## Stored data:
+===+

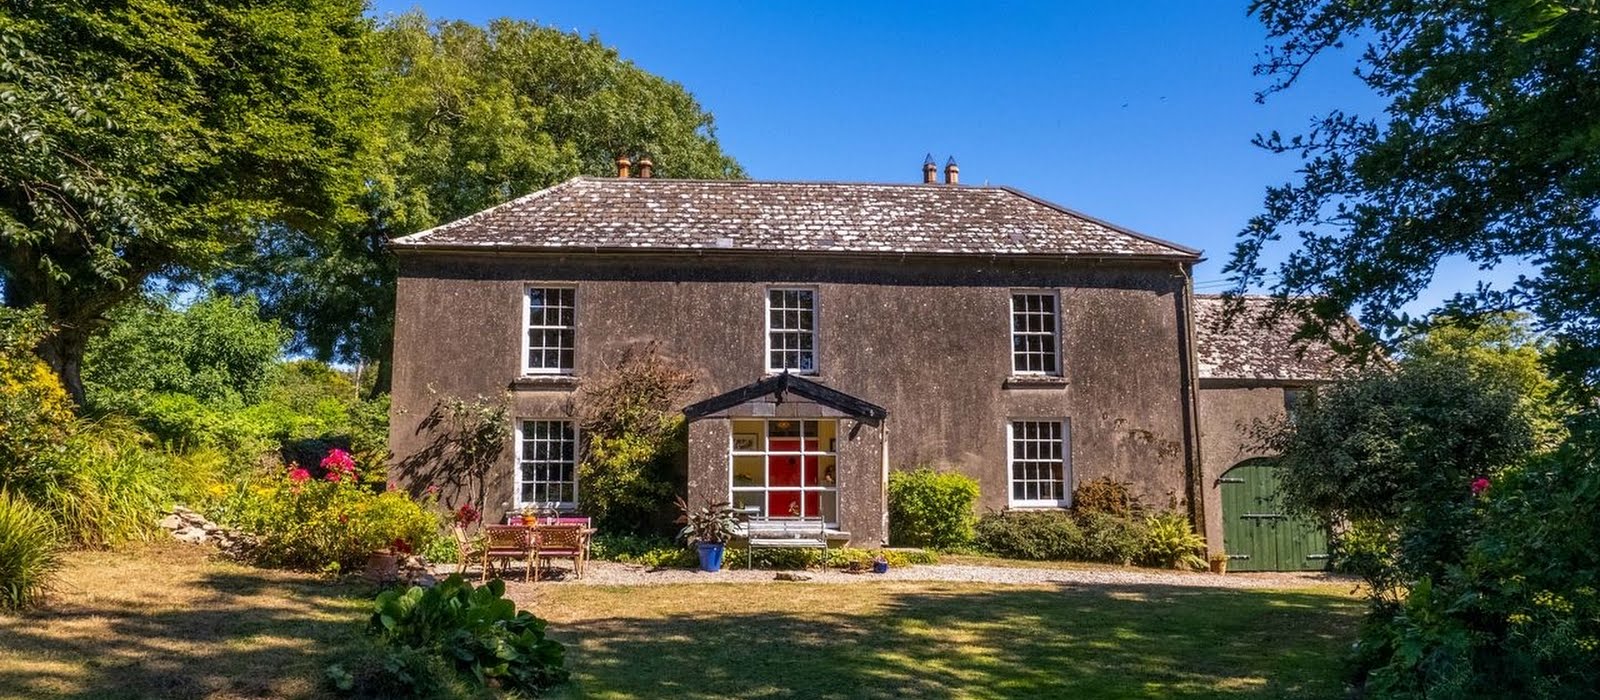 This dreamy East Cork period home is on the market for €775,000
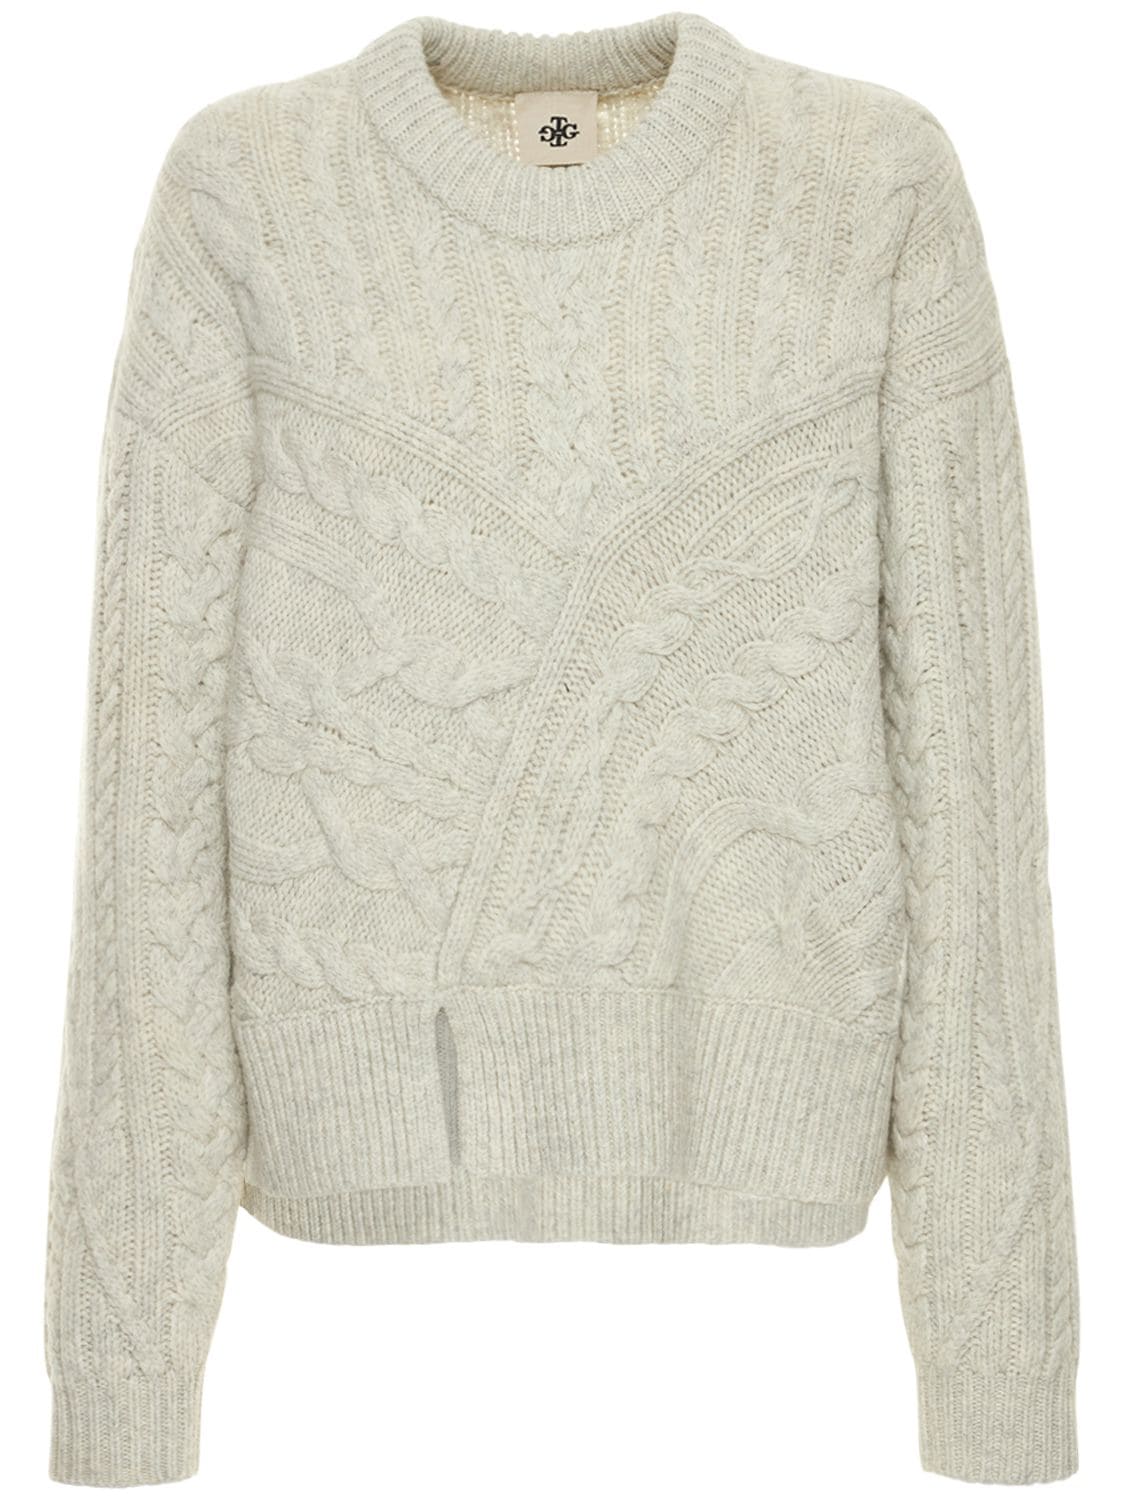 THE GARMENT CANADA KNIT WOOL SWEATER
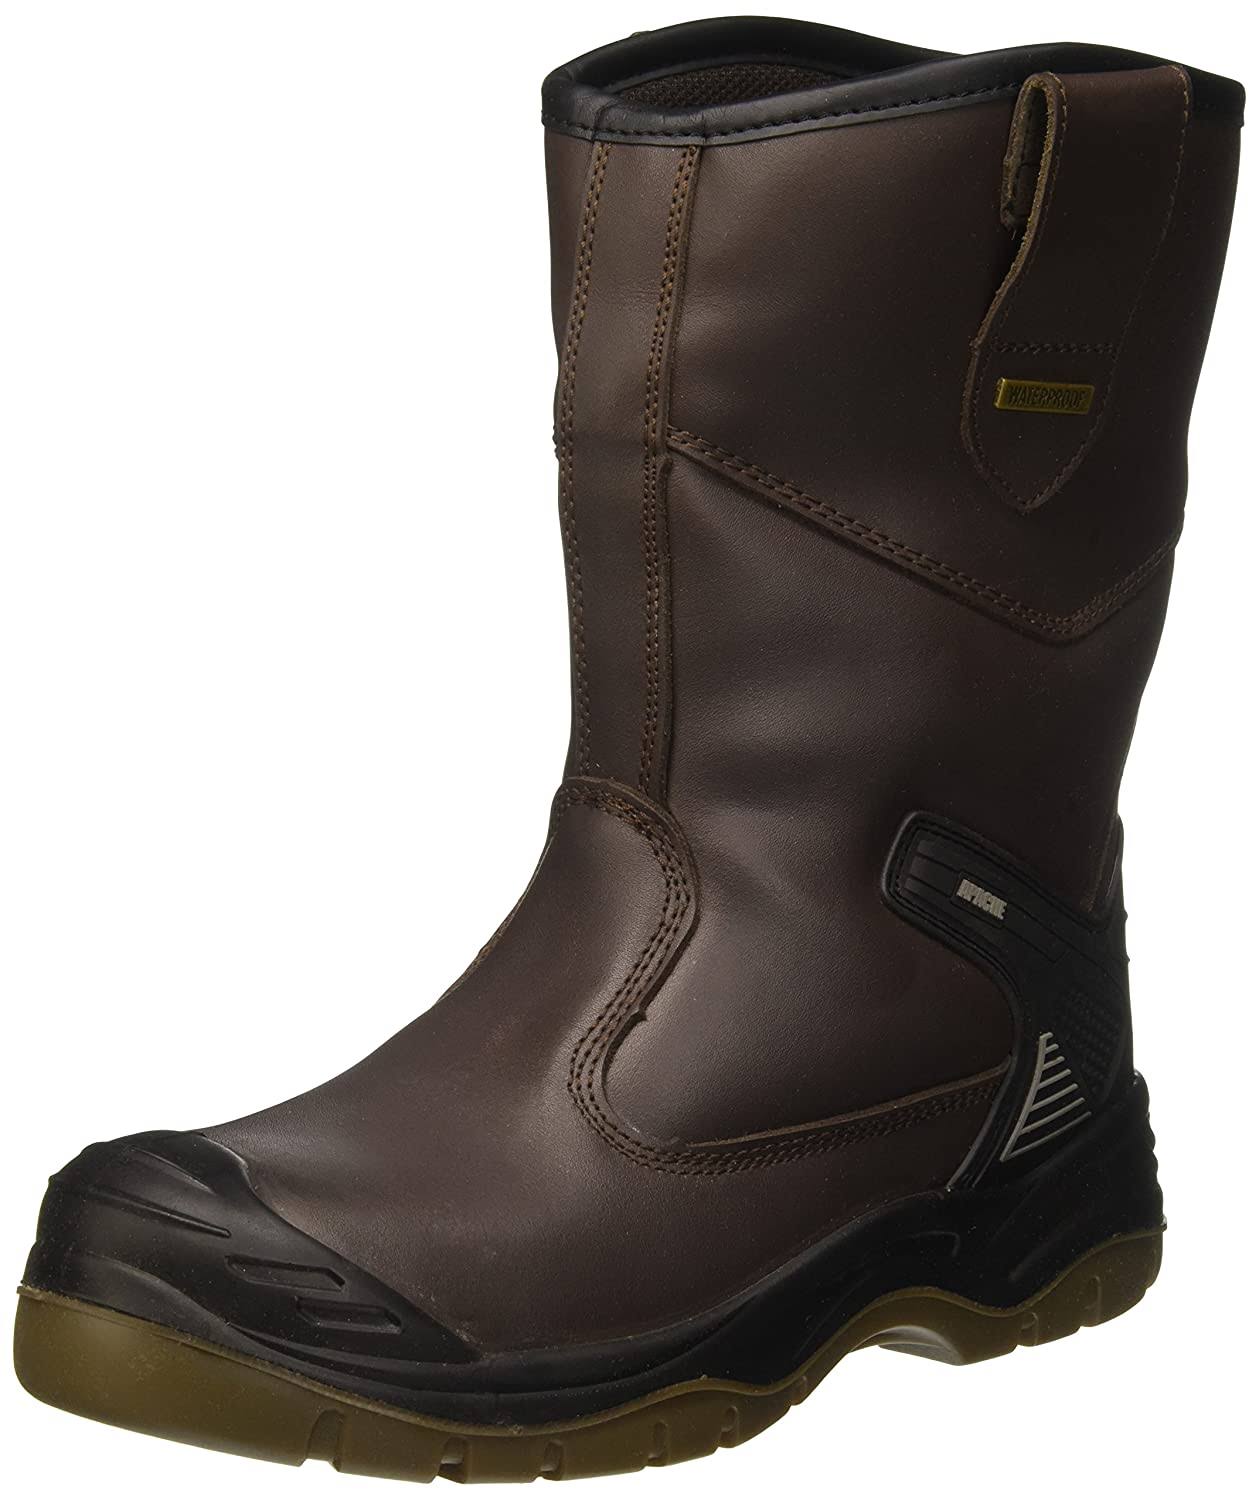 Apache Unisex Adult AP305 Safety Boots - Brown, Size 10 US
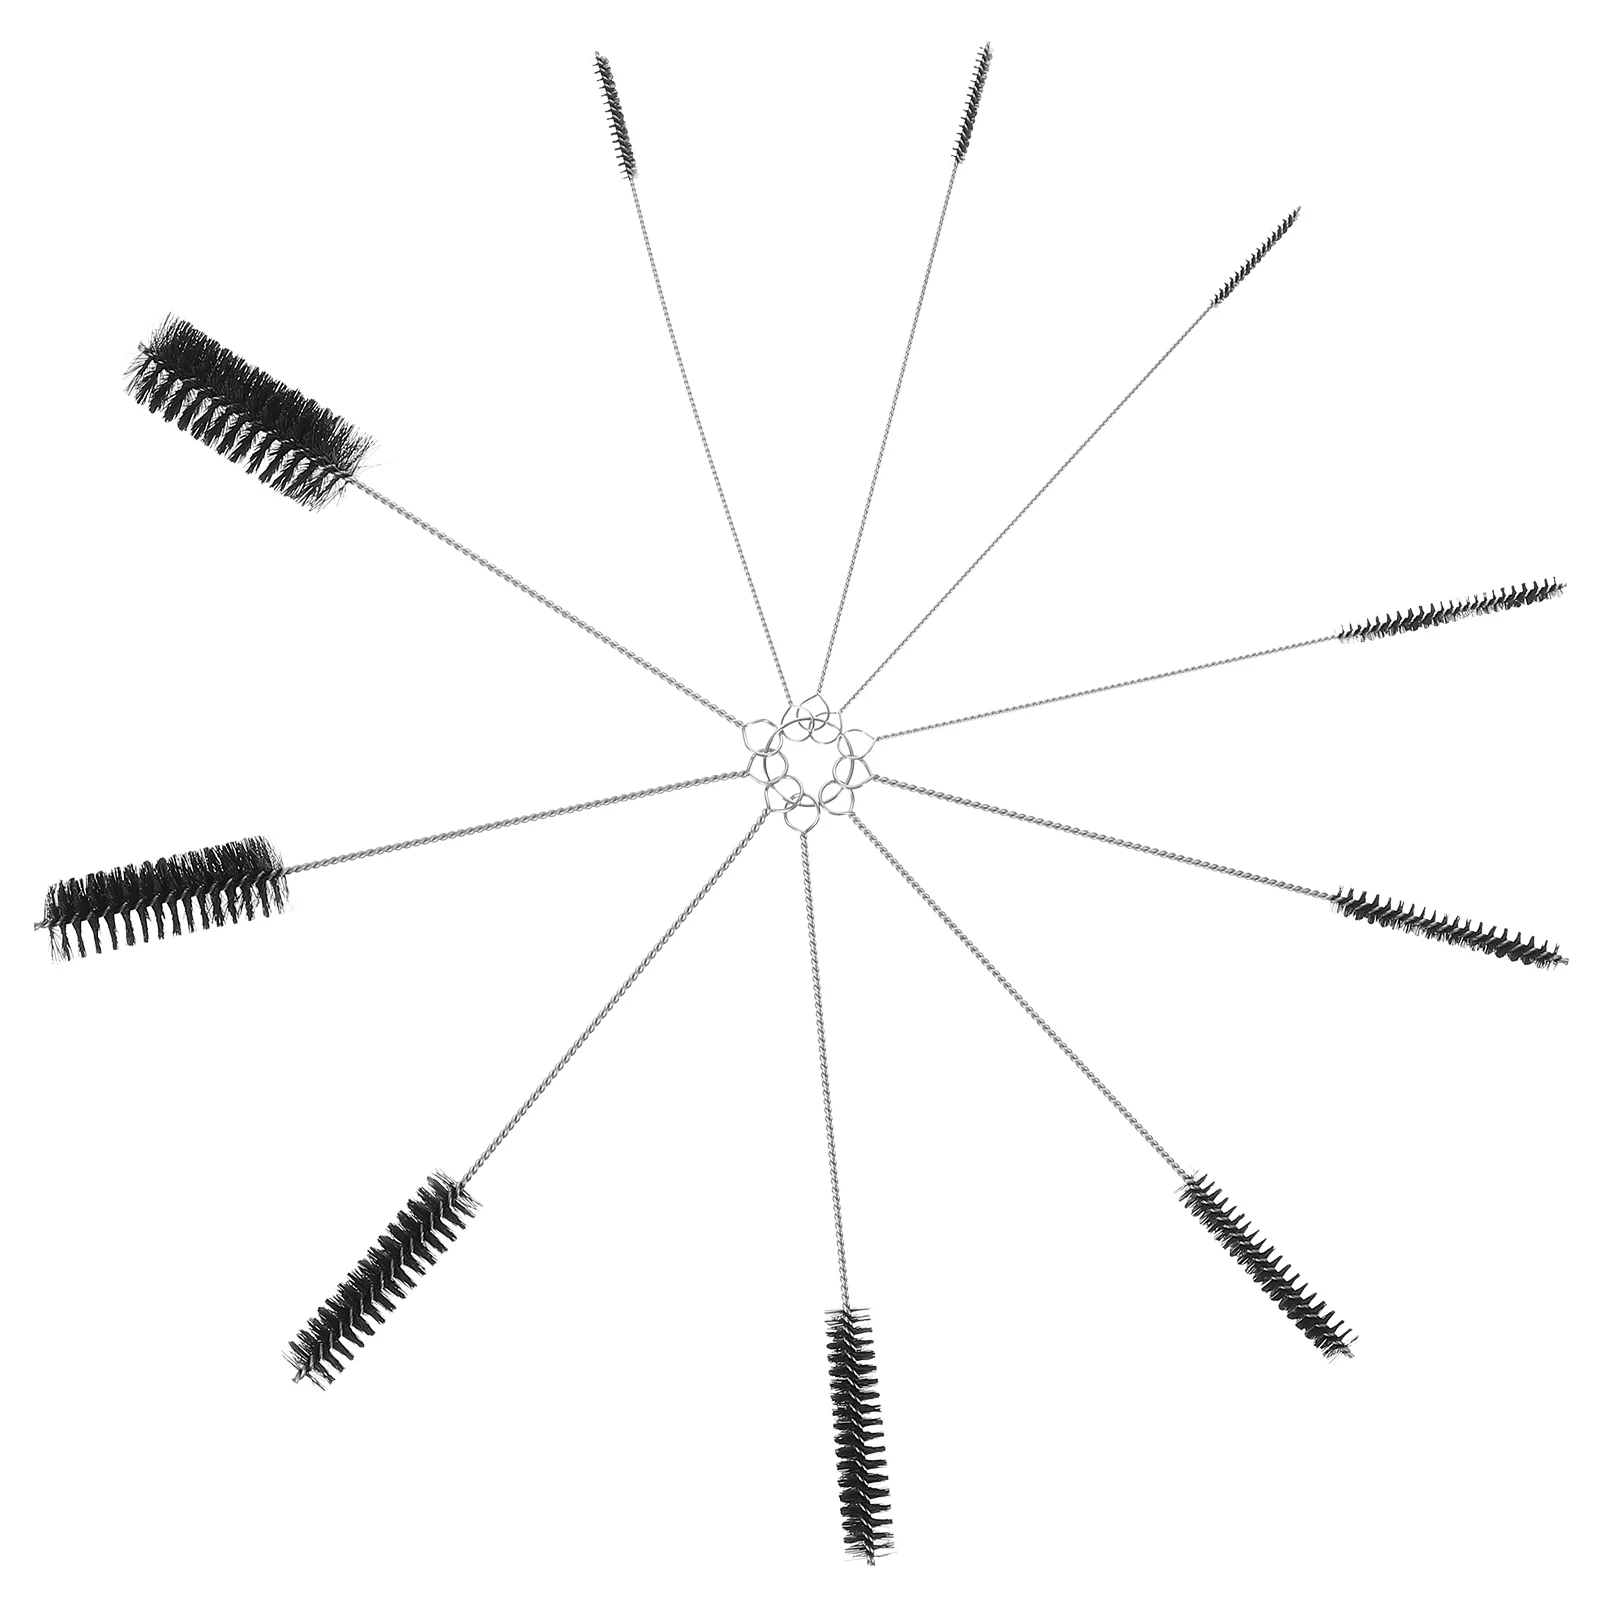 

Pipe Cleaning Brush Set- 10 Different Diameters Nylon Tube Brushes for Drinking Straws Glasses Keyboards Jewelry Cleaning Pipes

+===+

## How to complete this task:
Omitting all pictures, restate word for word the lines from the one containing "Apache Unisex Adult" through the last line of the data.

## Result of this exercise:
 Apache Unisex Adult AP305 Safety Boots - Brown, Size 10 US

Pipe Cleaning Brush Set- 10 Different Diameters Nylon Tube Brushes for Drinking Straws Glasses Keyboards Jewelry Cleaning Pipes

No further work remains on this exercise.